City directories usually include the address of the ancestor, and sometimes the ancestor’s place of employment.
Had I known then what I know now, the search would have been infinitely easier. We proceeded to do everything in the most inefficient way possible and only the intervention of an incredibly gifted niece and the opportunity to work as a volunteer assistant at an LDS Family History Center got us back on track after many disappointments and frustration-related stoppages. If the following account can save you 10 percent of the frustration that we experienced it will have served its purpose well.

It turned out that several generations of my Wild ancestors and six generations of my wife’s Taylor ancestors were on the IGI and Ancestral File at the LDS Family History Centers but even hundreds of hours of analysis and conjecture and a fortune in copying costs did not allow us to identify them with any degree of certainty.

Then we learned the magic formula. Proceed from the known to the unknown one event at a time. This is worth repeating: proceed from the known to the unknown one event at a time. Just as in real estate the formula is location, location, location; the formula in genealogical research is basics, basics, basics. Get a birth certificate, then look for the marriage certificate, then look for the birth of the marriage partners, then look for their parents’ marriage record, and so on.
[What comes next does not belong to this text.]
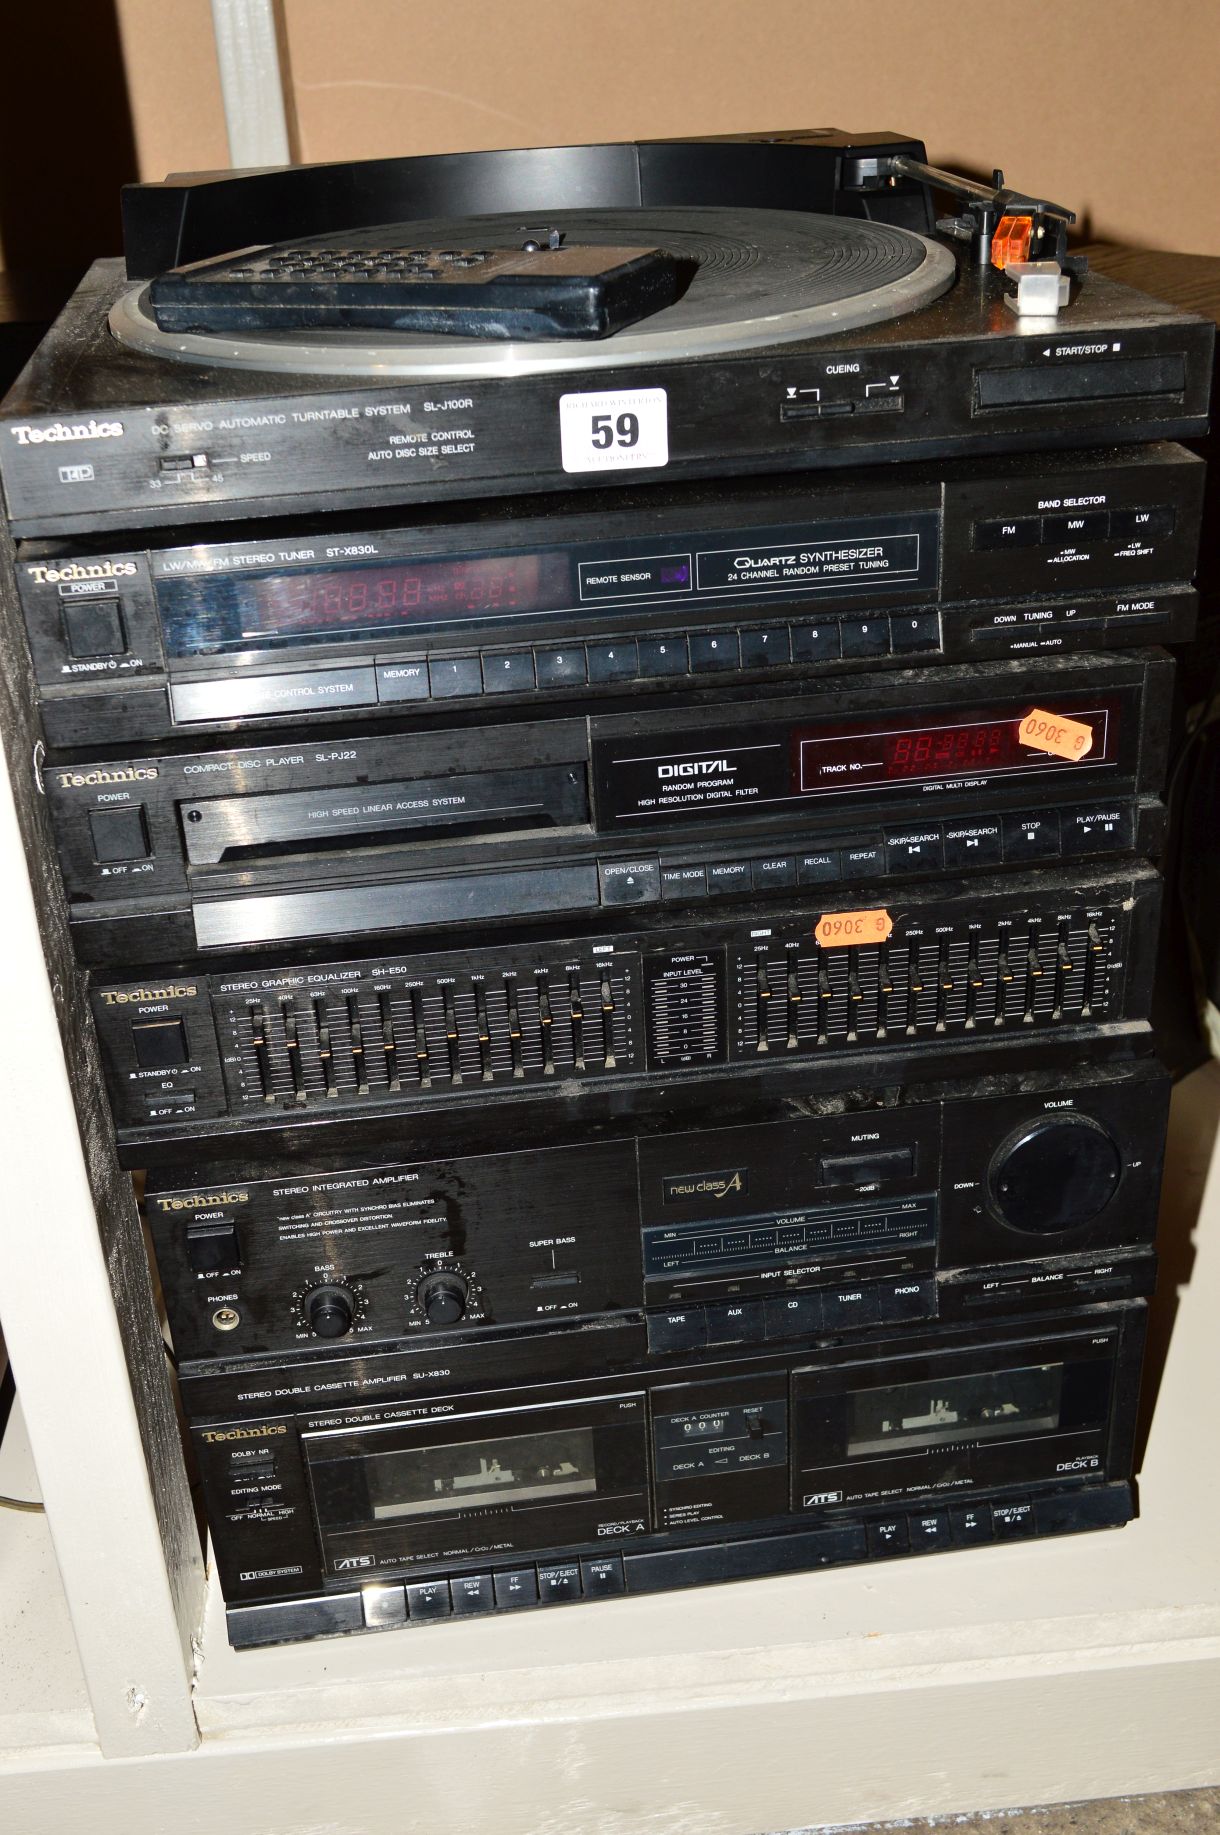 A TECHNICS COMPONENT HI-FI, including a SL-J100r Turntable, a ST-X830L Tuner, a SL-PJ22 CD Player, a

As shown above, seven basic records opened a floodgate of ancestors for my wife and myself that will keep us busy for the rest of our lives.

From a very unpromising beginning we have obtained hundreds of documents ranging from IGI printouts to Ancestral File pedigree charts, census and parish records, birth marriage and death certificates documenting the existence of thousands of ancestors all starting from the grandparents whose names we hardly knew. If you have received some encouragement and hope from this article then it has served its purpose well.